Une étude la Banque de France montre que l’industrie pharmaceutique française participe au développement des CVM, notamment entre 2006 et 2012 [8]. La part de la valeur ajoutée importée dans les exportations pharmaceutiques augmente ainsi en France de 7,9 points de pourcentage entre 2000 et 2014, soit une croissance de 57 %. En outre, le contenu étranger dans la production varie également en fonction de la nationalité des entreprises. Les firmes multinationales (FMN) sous contrôle étranger produisant en France emploient plus d’intrants importés dans leur production totale (26,8 %) et dans leurs exportations (38,6 %) que les FMN françaises produisant en France (employant respectivement 11,9 % et 12,7 %).

 

 

2) les travaux récents en France

Le modèle AVIONIC (Analyse variantielle Input/Output nationale importée et en contenus), a été développé à l’Insee [9]. La source de données principale de ce modèle est le TES symétrique (voir page TES symétrique). Il présente une ventilation du TEI en produit*produit et sépare l’ensemble des ressources et des emplois de l’économie en deux parties : une partie provenant de la production domestique et une partie provenant des importations.

La somme des contenus en importations et des contenus en valeur ajoutée correspond à l’emploi final. Autrement dit, un emploi final se décompose en une partie importée et une partie de valeur ajoutée domestique. Les contenus en importations représentent le montant des importations généré par une des composantes de la demande finale (consommation des ménages, exportations ou formation brute de capital fixe). Il s’agit de déterminer le montant d’importations nécessaire pour satisfaire la composante de la demande finale retenue.

 

a) Les contenus en importations

Ils sont séparés en une composante directe et une composante indirecte:

° Les contenus directs en importations :

il s’agit des importations qui satisfont directement l’emploi final considéré, sans rentrer dans le processus de production domestique. Par exemple,  un ménage achète une voiture allemande.

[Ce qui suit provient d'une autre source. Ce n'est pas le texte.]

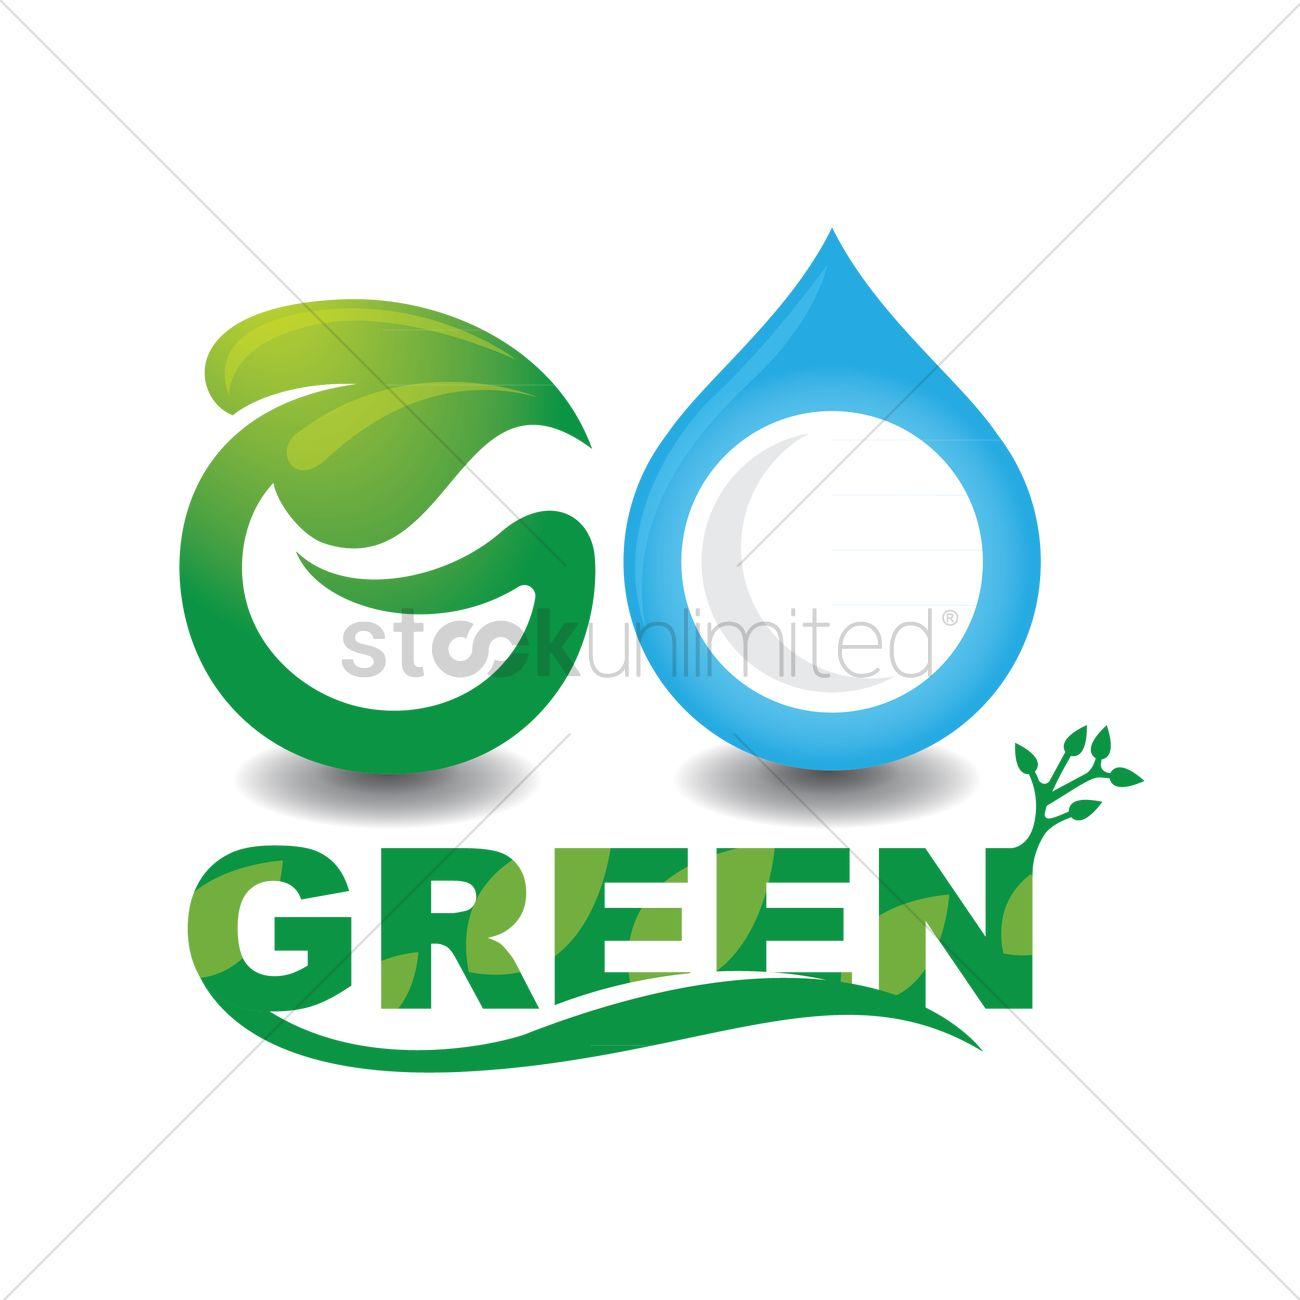 1300x1300 Go Green Lettering Design Vector Image

° Les contenus indirects en importations :

Ce sont les importations transitant par les CI qui servent, à travers la production domestique, à satisfaire la demande finale. Par exemple, L’importation d’acier – consommé au sein du processus de production – pour produire une voiture française qui est achetée par un ménage en France.

 

b) Les contenus en valeur ajoutée (VA) domestique

Les contenus en VA représentent le montant de VA générée par une des composantes de la demande finale (consommation des ménages, exportations ou formation brute de capital fixe). En d’autres termes, il s’agit de déterminer le montant de VA nécessaire pour satisfaire la composante de la demande finale retenue. Cette VA représente le complémentaire des importations : tout ce qui n’est pas importé est de la VA domestique. Les contenus en VA sont aussi séparés en une composante directe et une composante indirecte :

° Les contenus directs en VA :

il s’agit de la VA domestique qui satisfait directement l’emploi final considéré sans rentrer dans le processus de production domestique ainsi que la VA générée pour satisfaire ses consommations intermédiaires.  Un ménage achète une voiture; les contenus directs représentent la valeur ajoutée liée à la production de la voiture ainsi que celle liée à la production des consommations intermédiaires du produit (branche) voiture.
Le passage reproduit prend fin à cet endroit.